The common factors and themes which run through cases of child sexual exploitation are not race or religion but that the perpetrators are male and prey upon vulnerable young victims.
Arguments which point to Asian perpetrators seeing young white females as 'easy meat' do not take note that sadly such females are rarely from a happy, secure family life and are usually from the most vulnerable group in our society. A sexual predator does not consider the race and religion of their victims, those who are preyed upon are targeted because of their vulnerability.
The brutal exploitation of vulnerable young victims raises important and worrying questions which must be openly and honestly debated. We should be asking ourselves how these victims came to be in such exposed positions and why their families and local agencies were
unable to protect them.
unable to protect them.
The number of young girls in our society who lack a family structure which can protect them is increasing. Statistics show that a third of the victims are in care, while others are from poor backgrounds and lack self esteem or the empowerment to change their lives. Sadly it is these factors which make them more vulnerable on the radar of an exploitative sexual monster. Whether these young victims are white or of another ethnicity does not make them more or less vulnerable.

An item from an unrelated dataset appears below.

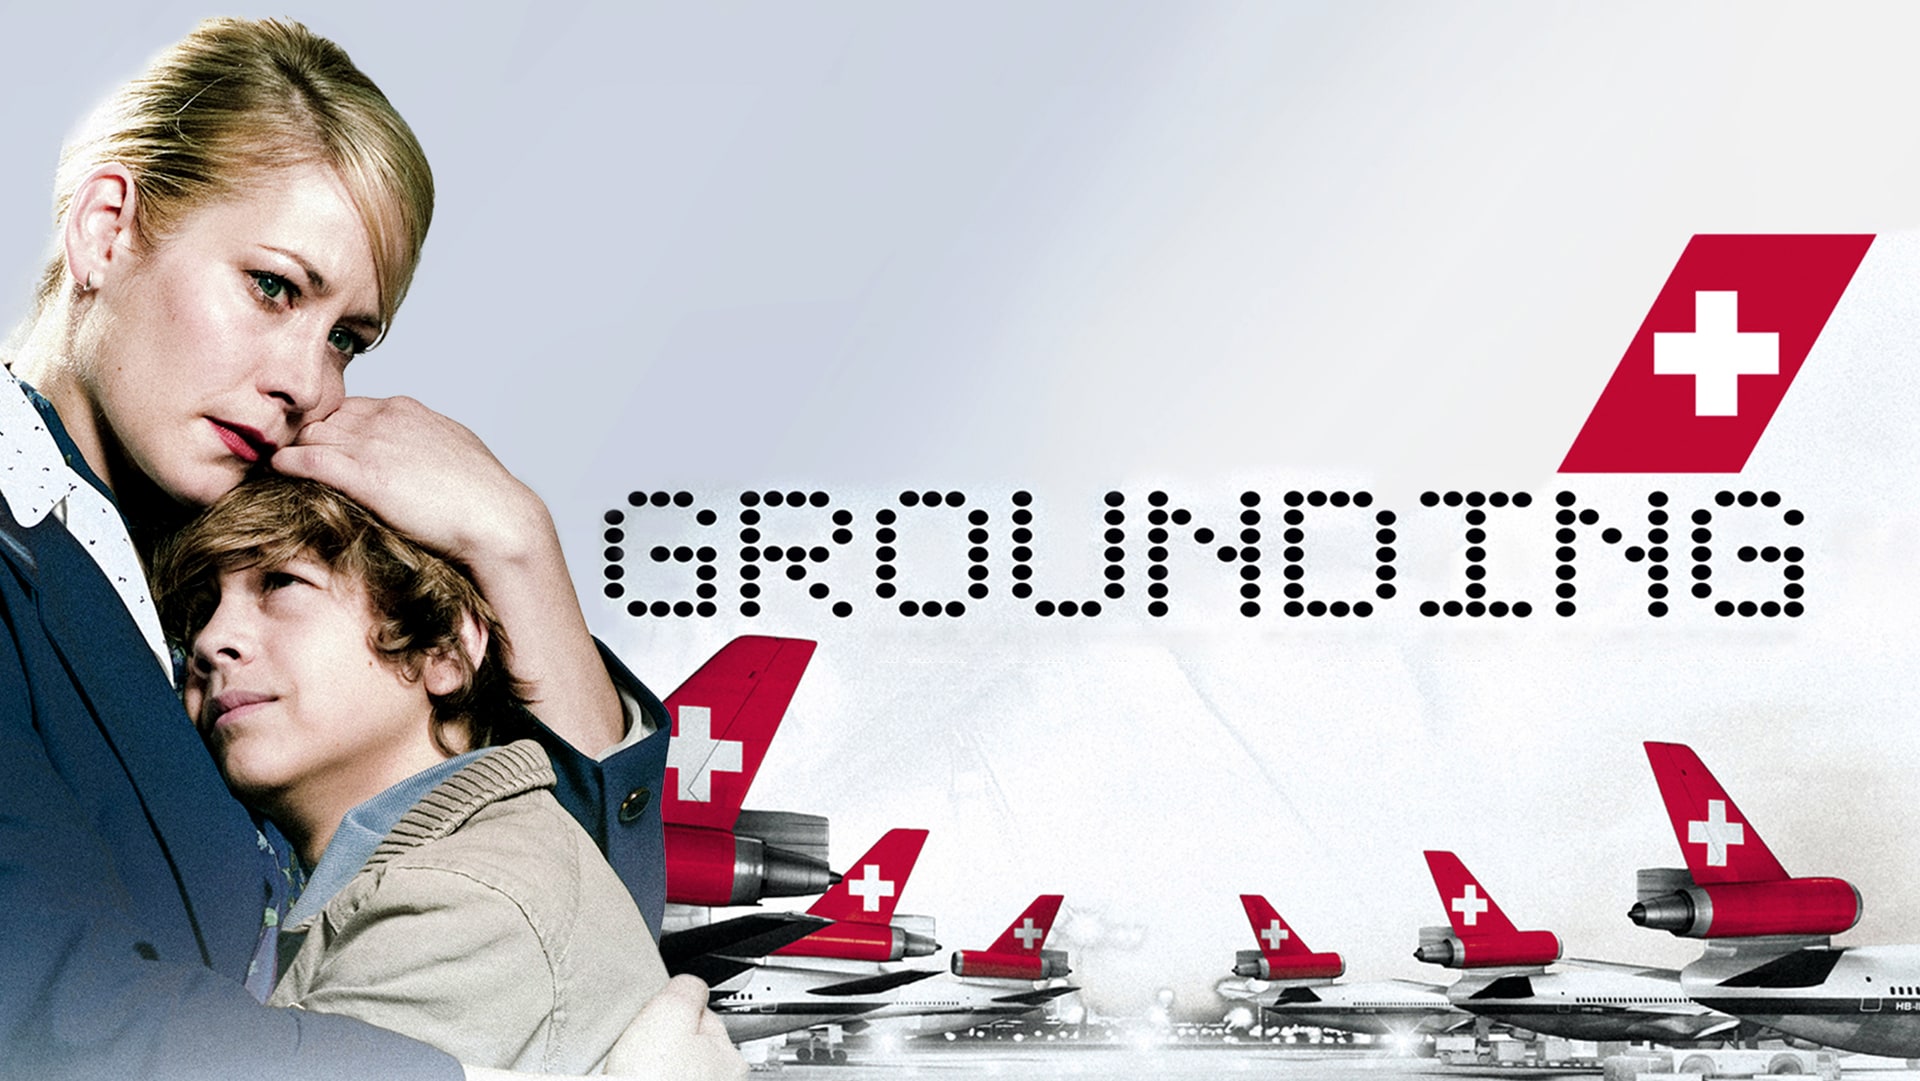 Grounding - Les derniers jours de Swissair

Kris Hopkins and the others in favour of his argument risk pandering to the whims of the BNP and other far right groups. This is not an ethnic or cultural crime. Child exploitation, grooming or child abuse of any other kind is not uniquely or predominantly carried out by one ethnic or religious group. Nine out of ten of those on the sex offenders register are white British.
Yesterday's debate should not have been about the ethnicity and religion of the abuser, nor should it be an opportunity to tarnish an entire community.
This is a debate about the vulnerability of victims, let's not forget about them.